Being denied opportunities within school, they will also experience a reduction in leisure centres, swimming pools, and playing fields. Local authority budgets are to be cut by 26% and the staff who supervise, clean and service those facilities are high on the redundancy hit list. This in a country which has recently named obesity as its number one public health problem. During the 1980s, under a succession of weak-kneed and chinless sports ministers, provision of sports facilities was allowed to stagnate, with land scandalously sold off for commercial development.

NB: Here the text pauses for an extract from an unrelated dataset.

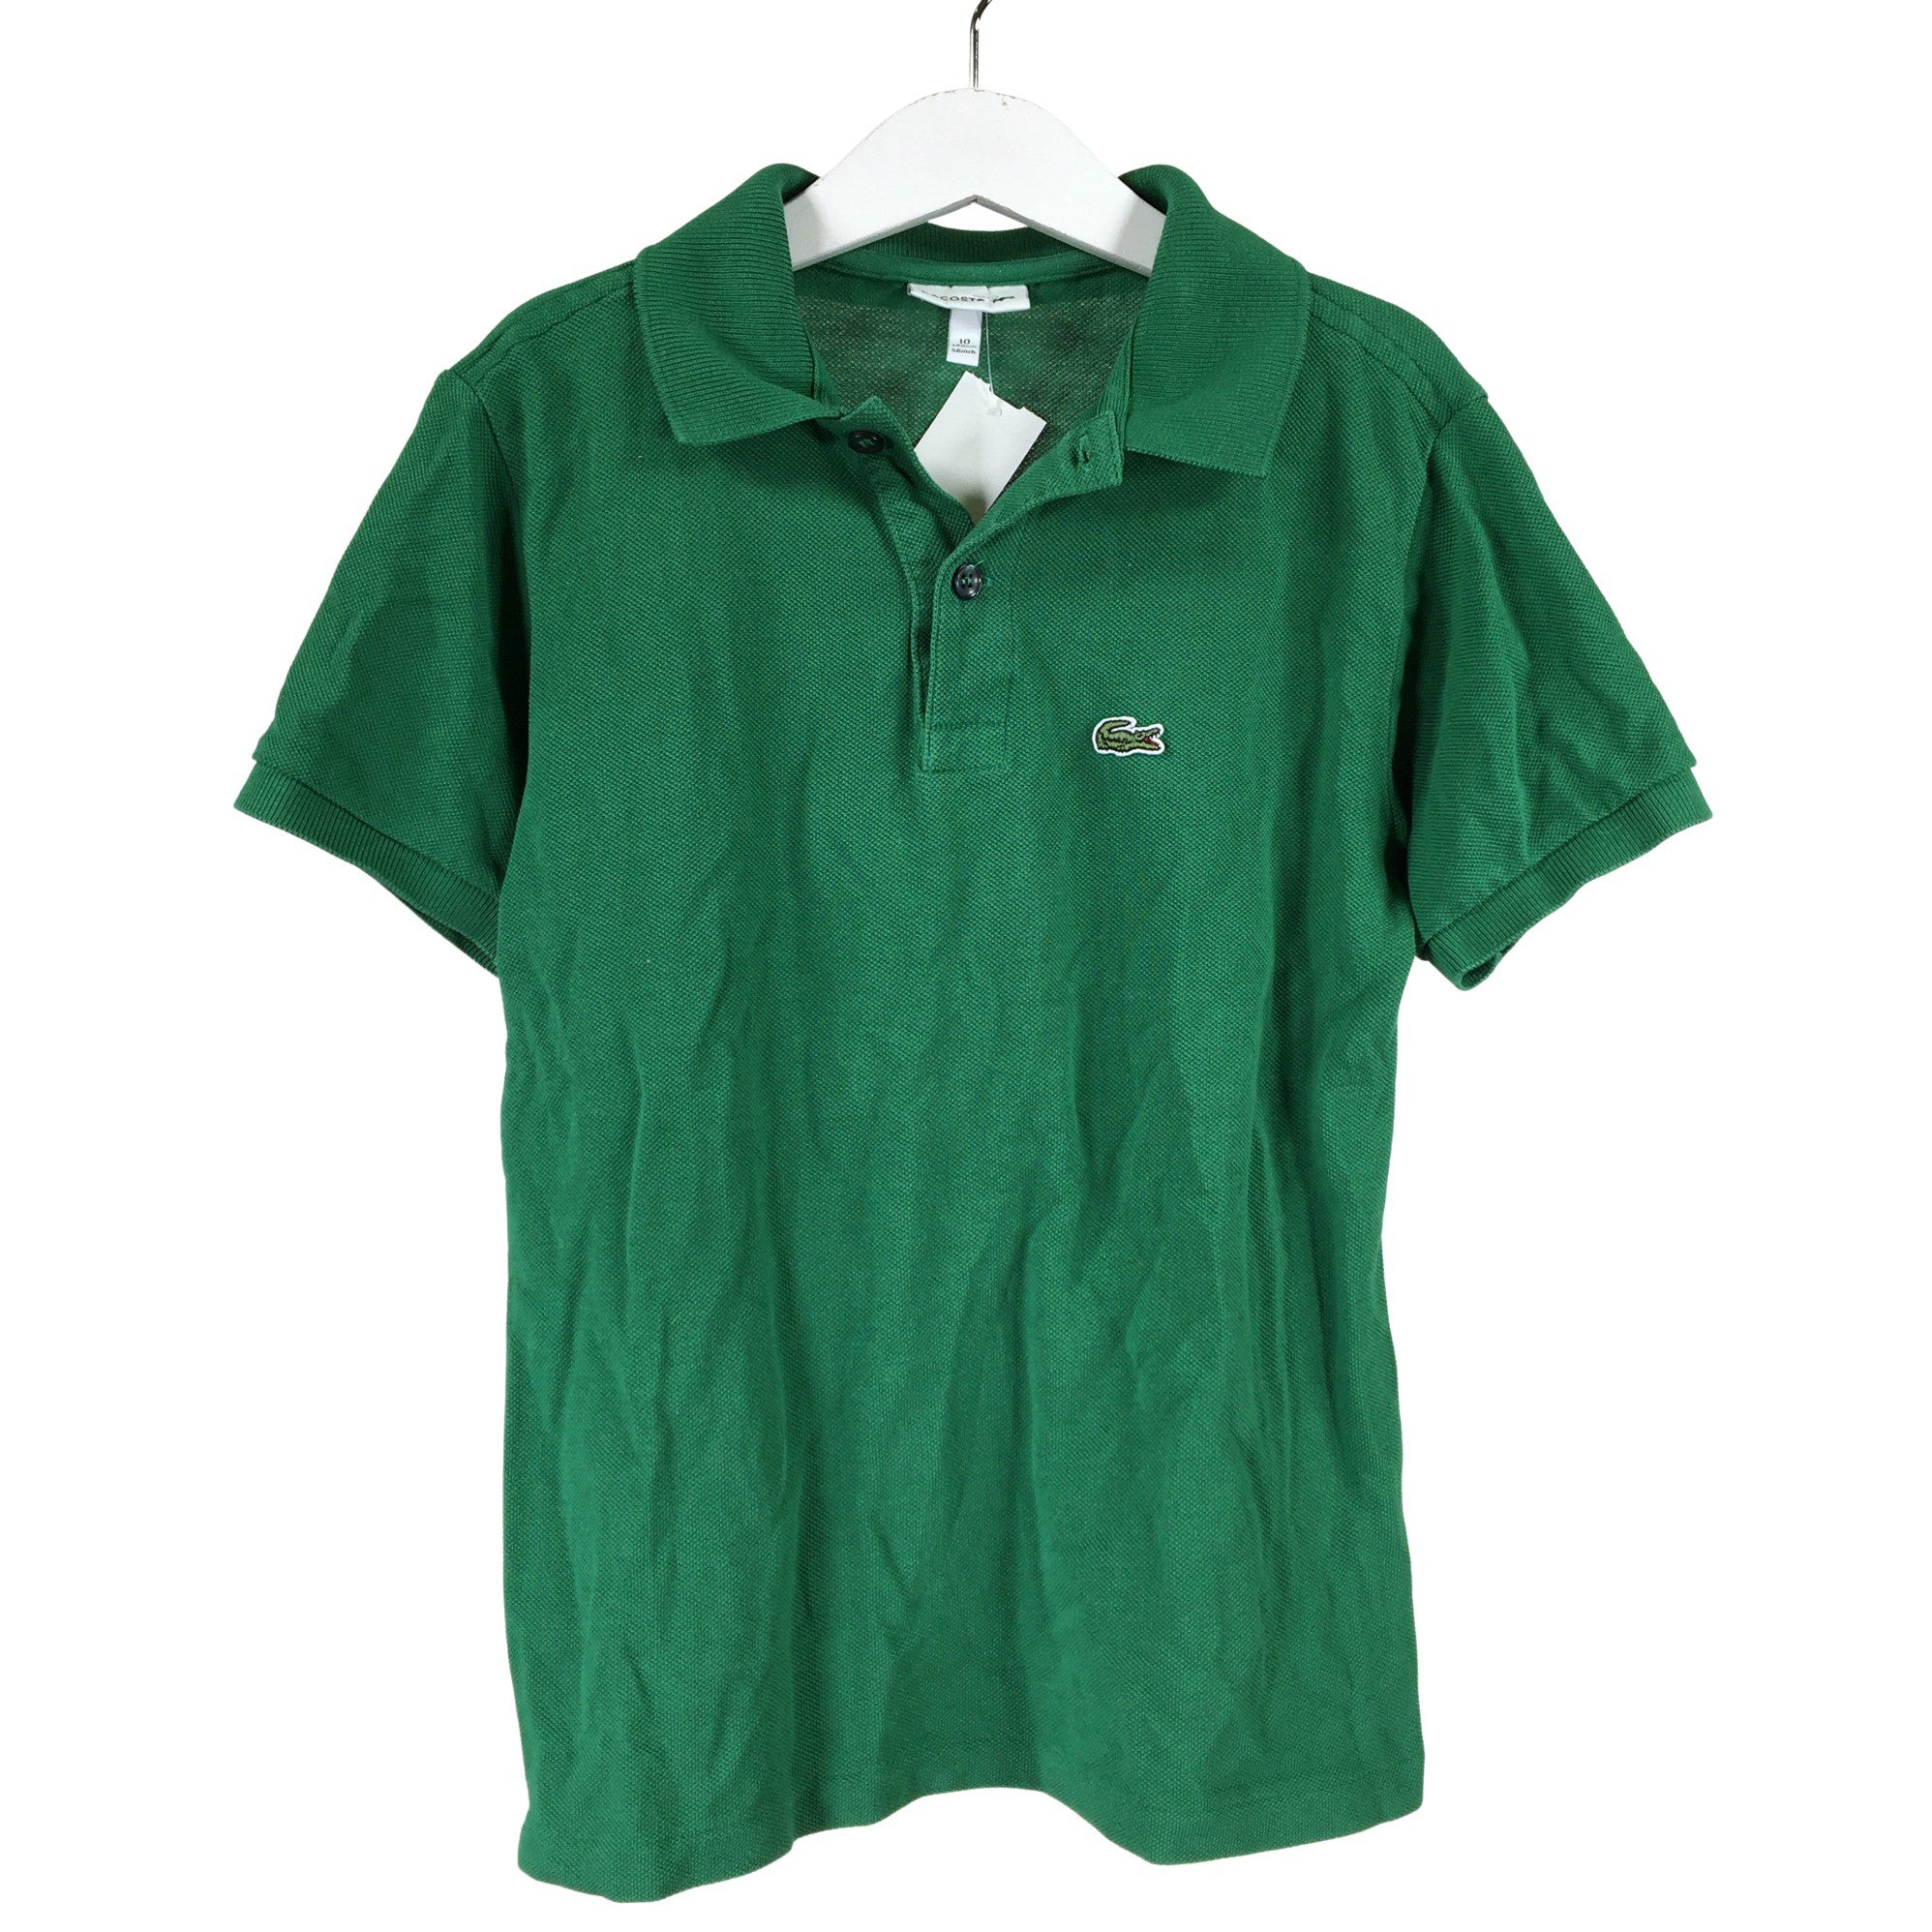 Boys' Lacoste Polo shirt, size 134 - 140 (Green) | Emmy

One of the brighter aspects of the Labour government was a reversal of that policy with investment in all-weather pitches, skateboard parks, new pools, running and cycle tracks. Winning the 2012 Olympic Games, said Tony Blair, “will inspire a new generation to take up sport.”
The last time the Conservatives ran down Britain’s recreational infrastructure the proportion of children participating in school sports for two hours a week (could there be a more minimal requirement) dropped below 25%. In the 13 years since 1997 that percentage has increased to 90%.
While politicians were busily hacking away at their financial commitments to grassroots sport, one young, but currently under performing, footballer was happily increasing his income to nearly €200,000 per week.
Perhaps that’s precisely the sort of justice and logic you might expect from a country which is committed to building two new aircraft carriers . . . but can’t afford to produce any planes to put on them.
Irish finances are as bad, if not worse, than those in the UK. The passion for sport is greater. Capital grant applications in 2008 ran into many millions of euro. A winter of discontent lies ahead.